The decreases will continue as long as the accumulated stock is absorbed during the months of the alarm state and then stability will return, but we rule out a crash in rental prices ", sources from the real estate portal indicate to Invertia.

More prudent is shown Beatriz Toribio, CEO of Asval (Rental Homeowners Association). “In the coming months the evolution of prices will continue to be very uneven according to the areas, but big cities like Madrid and Barcelona, although they will register price drops like the rest of the country, in the medium-long term they will not be very bulky since there is a problem in the supply of rental housing ", declares to Invertia.

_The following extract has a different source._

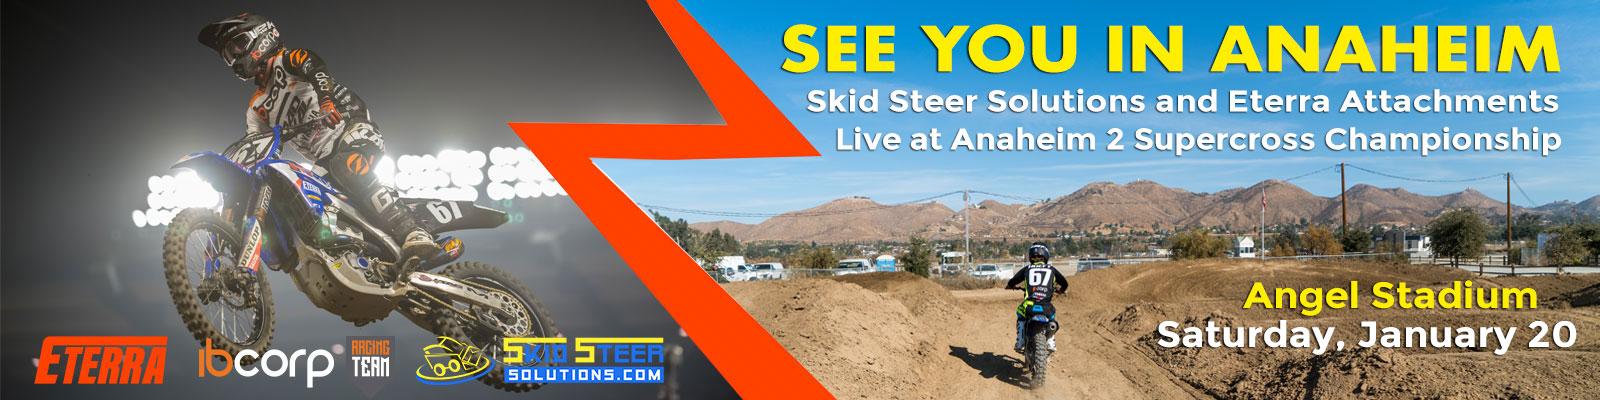 Skid Steer Solutions Anaheim 2 Supercross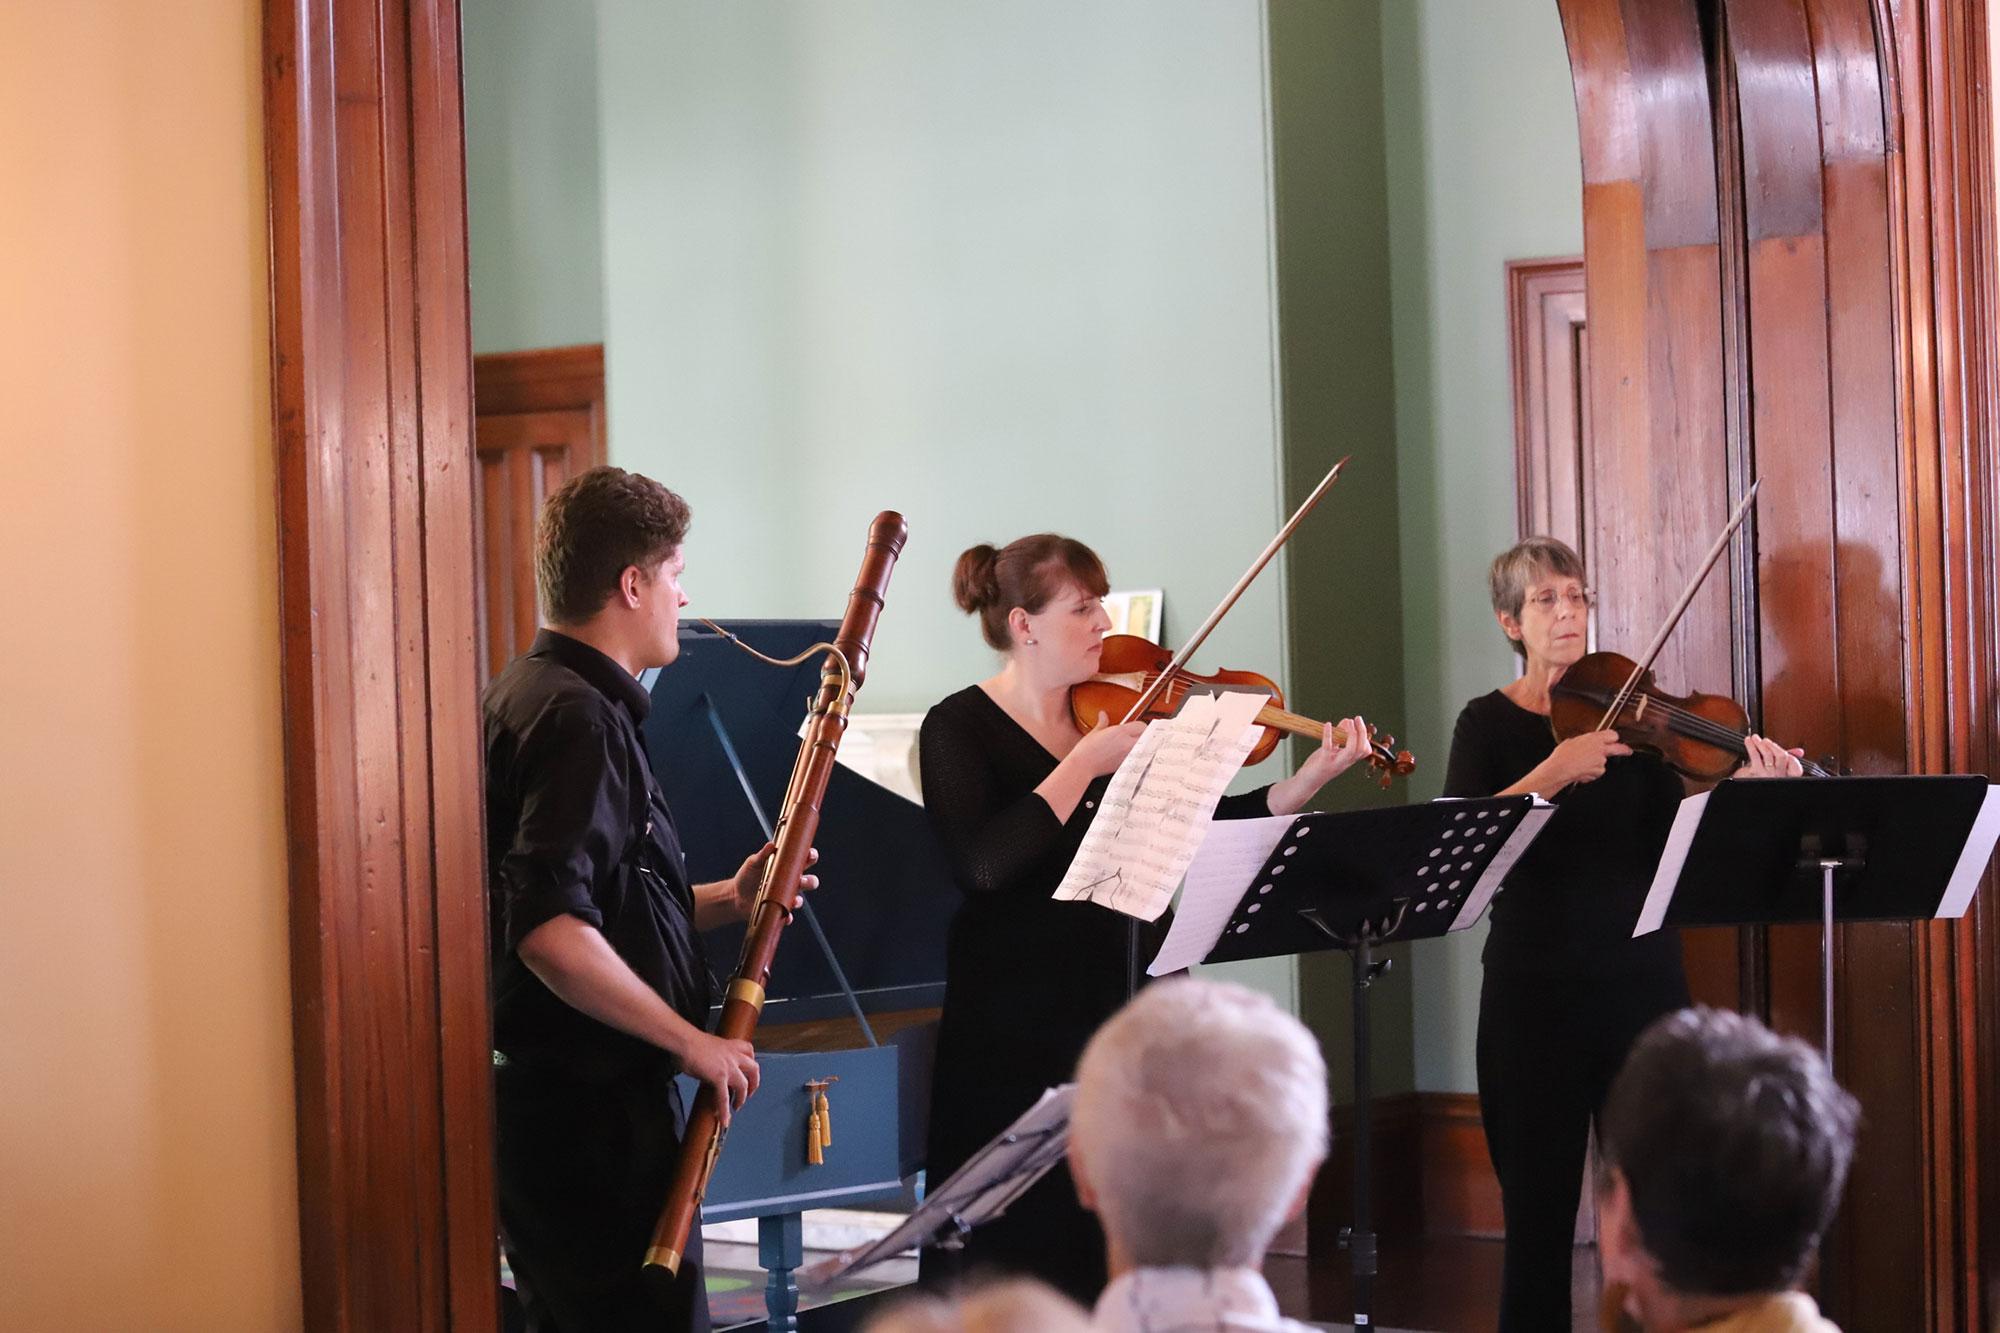 Brisbane baroque players

Will depend, adds Beatriz Toribio, how deep this crisis is and how we get out of it. But do not forget that access to shopping will be more difficult for the bulk of the population, and although the rent suffers in some areas, the impact will be less especially in large cities ", warns.

Therefore, Asval's CEO analyzes, “It is key to lay the foundations to develop the rental market that Spain needs and put an end to the supply problems we have ". "This is only possible through public-private collaboration, and for this it is essential to reinforce legal security, because only in this way will we be able to generate trust and attract the necessary investment for it ", indicates.

Despite the incipient steps taken by the Ministry of Transport, Mobility and Urban Agenda in the future transfer of public land for housing construction for affordable rent, from Asval they ask to act now. How? With a fund of more than 700 million euros that would allow 350.000 families that currently spend almost a 50% of your income when paying a rent to be able to reduce that effort by 30%.